The Post followed a 19-year-old freshman from a college in upstate New York as she struggled with the housing dilemma. Her name is not being used because she ended up in a sublet of a sublet, and her roommates panicked at the thought of being identified and possibly losing their hard-sought apartment.
For a month and a half this spring, the freshman tried to pin down housing for less than $500 a month, she told The Washington Post in a series of conversations, including e-mails, a phone interview and an interview in person.
Because she had a scholarship toward her congressional internship and didn't want to ask her parents for money, she was on an extra-tight budget, she explained.
A week before her job was to start, she hadn't found a place. But she was still optimistic in a phone call with a reporter: "I'm sure something will turn up. I'm definitely coming, one way or the other," she said.

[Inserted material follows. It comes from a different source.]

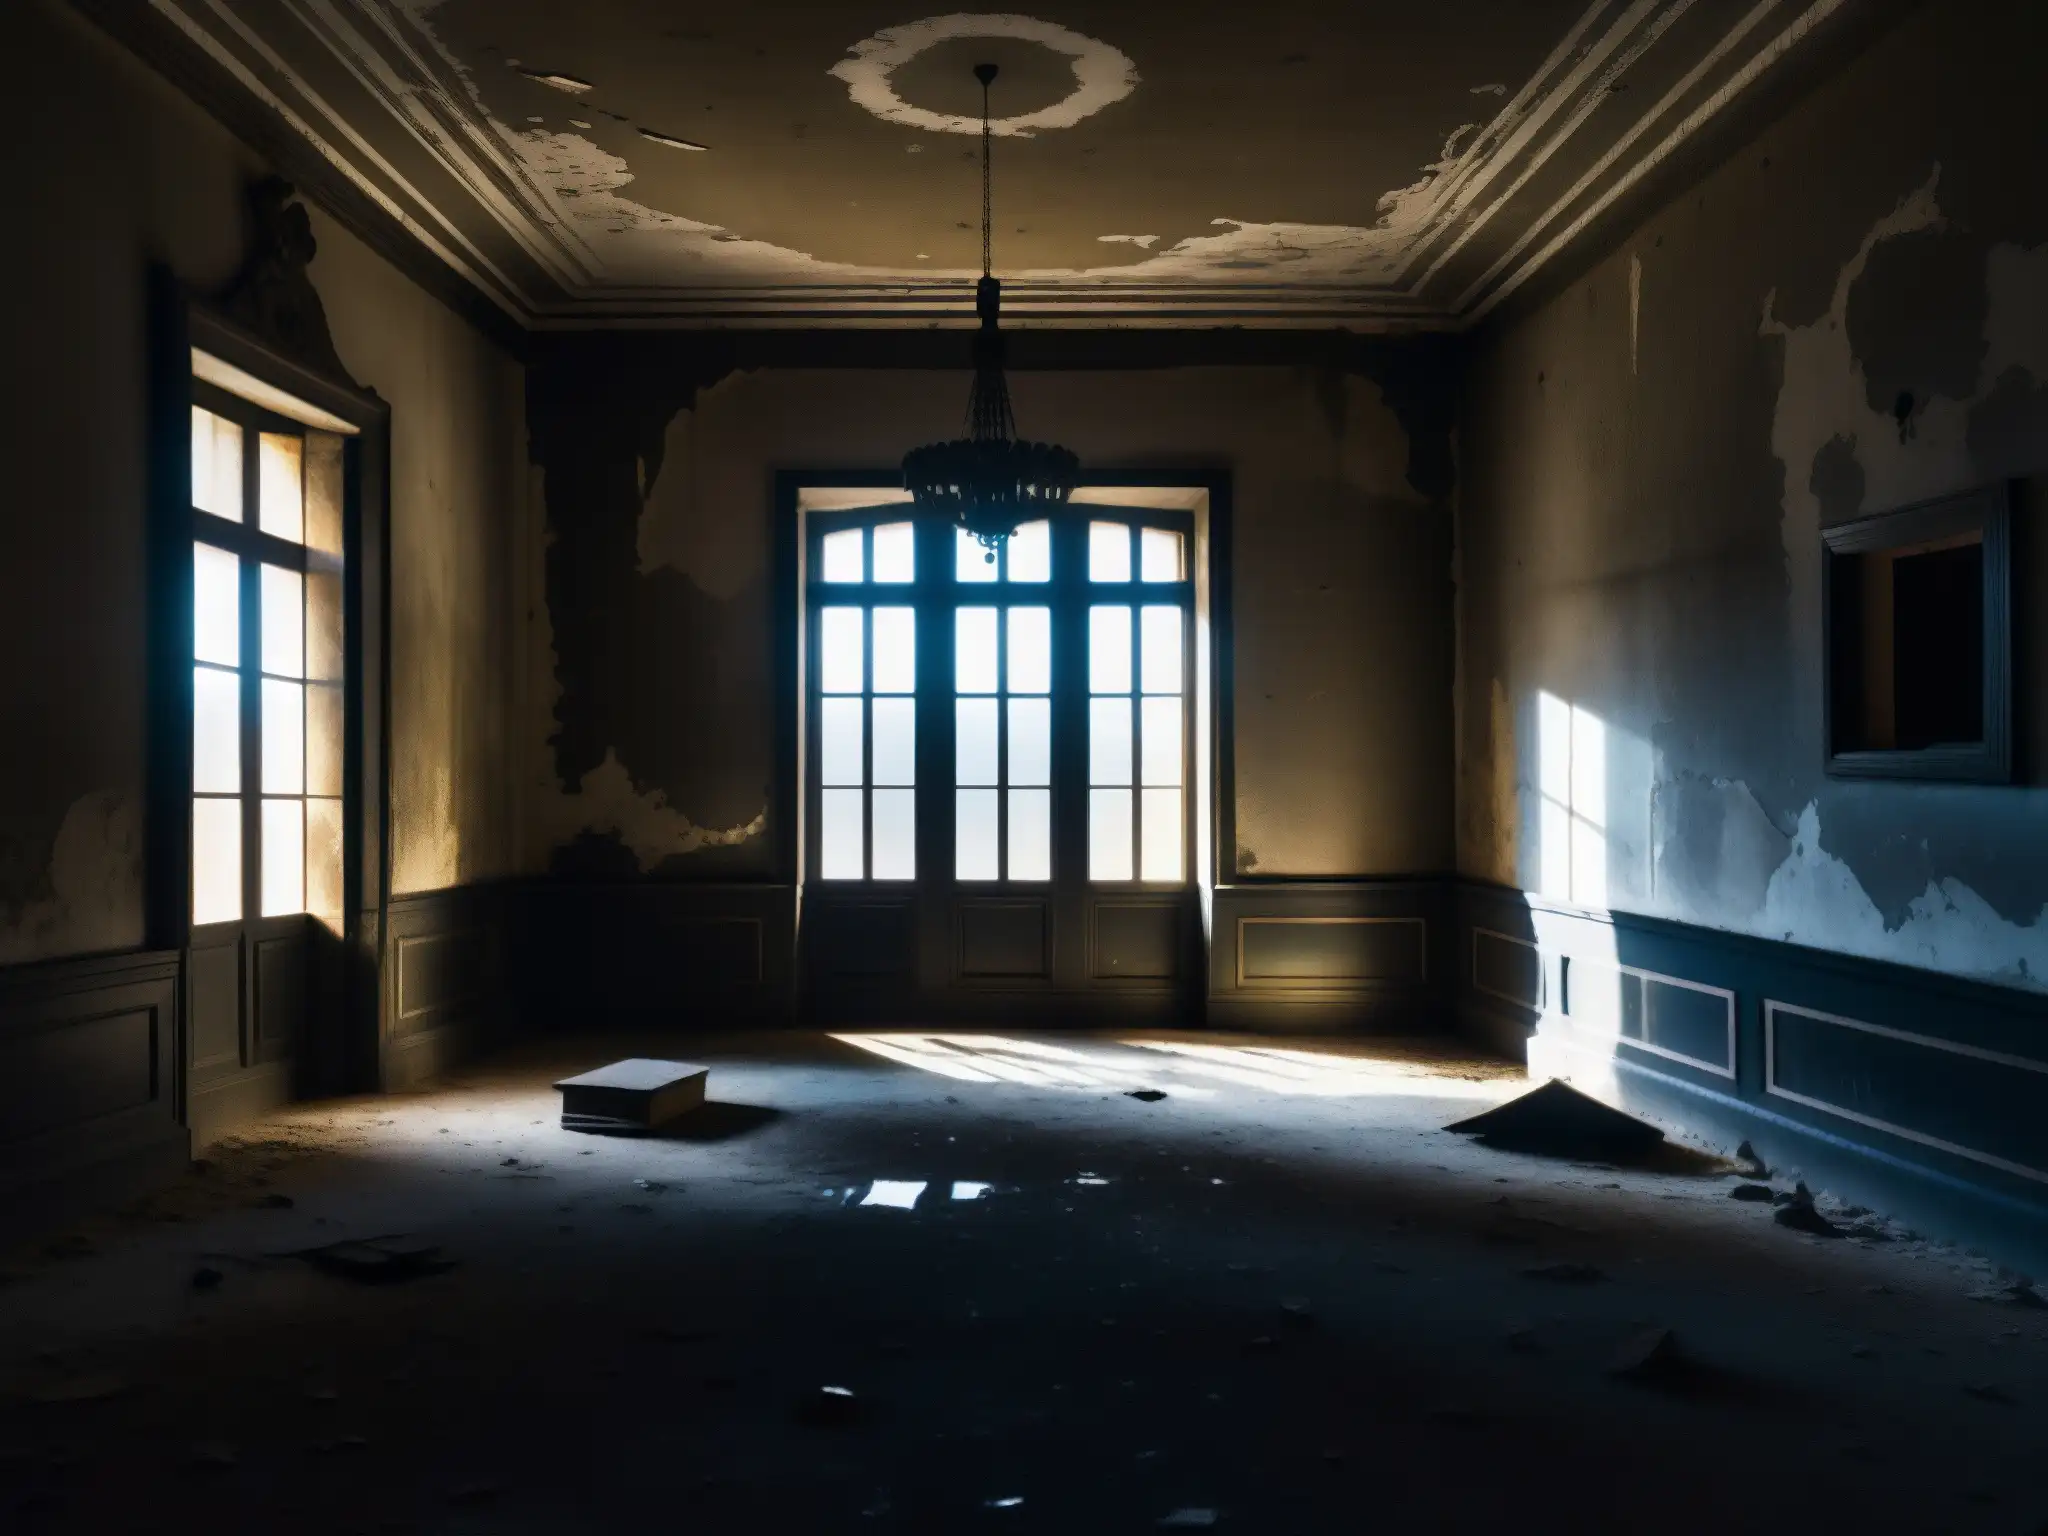 Una fotografía en blanco y negro del interior abandonado y deteriorado del Palacio de Lecumberri, con una atmósfera de misterio y la presencia fantasmal del Palacio de Lecumberri

"I guess if worst comes to worst," she said, "I can live somewhere in the suburbs and take the subway in. But I want to get a part-time job to make ends meet, about 12 hours a week, maybe in a restaurant, and I'm not really keen on taking the subway at midnight."
The student said she thought she had nailed a place early. But one spot vanished when a person looking to share a bedroom didn't respond to e-mails. And another "guaranteed" position disappeared when a roommate who was expected to leave, didn't.
The student pounded the pavement electronically during her search, using sources that many students and non-students use for housing and other needs, such as Craigslist.org, Washingtoncitypaper.com and the Washington Post's Web site. She had begun the process by looking at Roommates.com, a roommate-matching site that charges a fee to read e-mail responses, but she quickly learned about the free sites and shifted exclusively to them.
She also placed her own ad in the City Paper's electronic listings that said: "I'm desperate!"
Then, almost miraculously, she heard back from the very first person who had offered her a room-share. That student explained that she had lost contact because of computer problems and only had a university dorm phone number to rely on, not the New York student's home number.
When the deal was re-sealed, the student finally relaxed a little. She arrived last Sunday, after a rendezvous along the way with her parents.
"We've heard all the horror stories about interns in Washington," the student's father said, "but [she's] pretty smart and it'll all be okay."
Upon seeing the apartment building, he concluded, "The building looks pretty secure to me, and the room looks fine."
One of the student's biggest problems in finding a summer rental, she admits now, was that she wanted to pay so much less than the going rate. To do that she was more or less forced to sublet and had to rule out a big source of housing -- area universities.